Witness the company Farrow & Ball, “manufacturer of paints and wallpapers largely based upon historic colour palettes and archives.” The New Yorker profiled the company earlier this year, highlighting a current wave of interior design in which the perfect wall colour is a new kind of status symbol, signifying that you’re in-the-know. To find the right hue, style-conscious homeowners in the US are apparently hiring high-end colour consultants such as Farrow & Ball. That’s certain to be a welcome development for a brand that hasn’t always been embraced by the luxury sector at home. In the UK, the paint company has something of a mixed reputation, associated more with affluent middle-class excess and pretension than interior design sophistication.

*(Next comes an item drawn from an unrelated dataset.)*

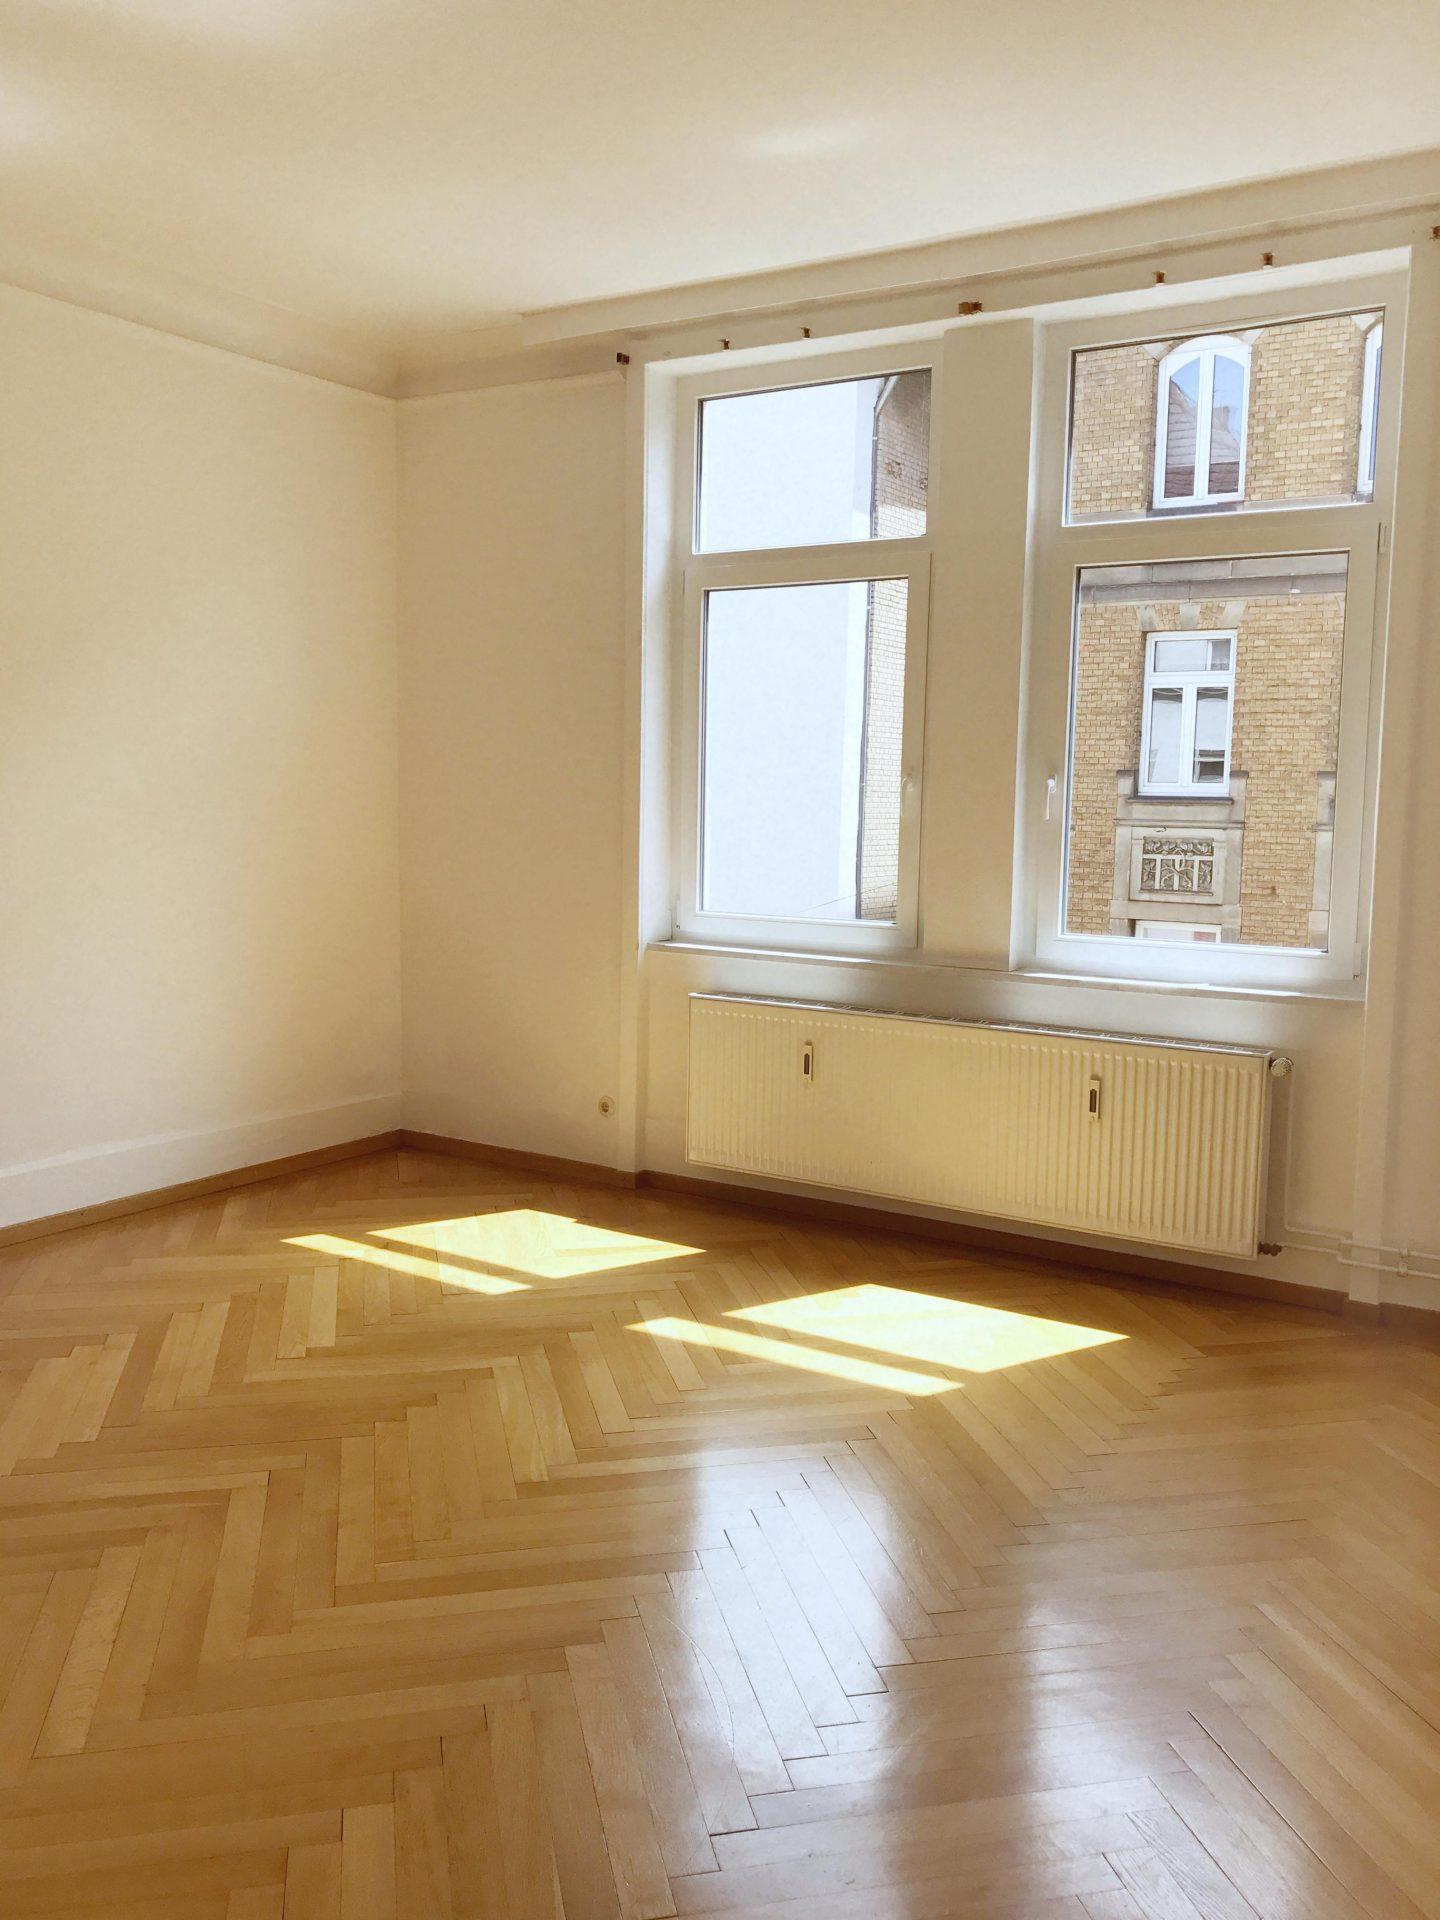 Da Ist Sie U2013 Meine Erste Richtige, Neue Wohnung. Heute Zieh Ich Um U2013 Nach  Eineinhalb Jahren (mit 6 Monaten Pause In Hamburg) In Einer 6er WG In ...
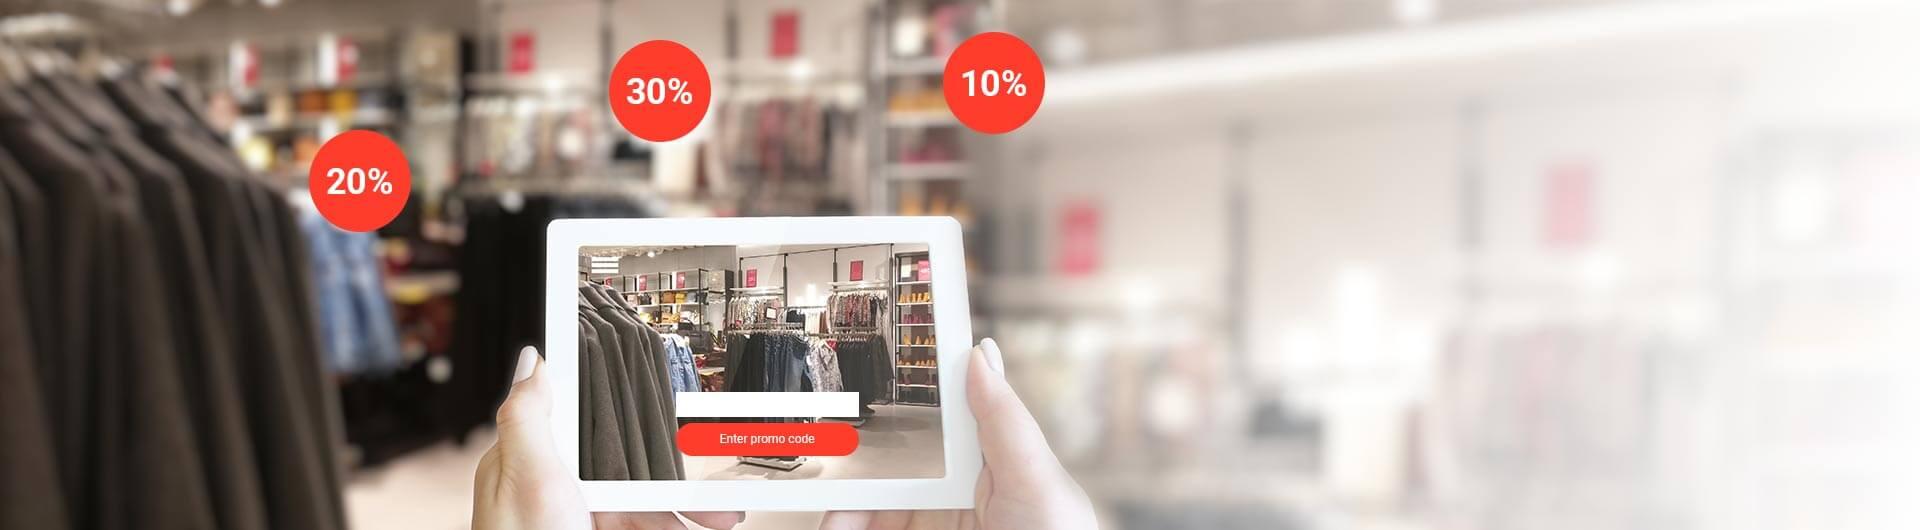 עיצוב אתר מכירות – מחיר, טרנדים והמלצות

Perhaps that’s because of some of the brand’s infamously comical paint names, such as “Elephant’s Breath” and “Mouse’s Back.” (The former garnered enough media attention that it now leads Farrow & Ball’s Wikipedia entry.)
To find out how the company became the arbiter of cool colour in the US, writer Rebecca Mead met with Farrow & Ball’s “colour curator” Joa Studholme. Mead says of Studholme: “Nobody is more confident in discriminating among minute gradations of white, or in deciding between a greenish blue and a bluish green; she resolves perplexing baseboard issues with aplomb. Crucially, she provides her clients with limited options: whereas Benjamin Moore offers 174 shades of red, the current Farrow & Ball palette offers 19.”
Studholme’s services cost about $450 per hour, with the average consultation lasting two hours.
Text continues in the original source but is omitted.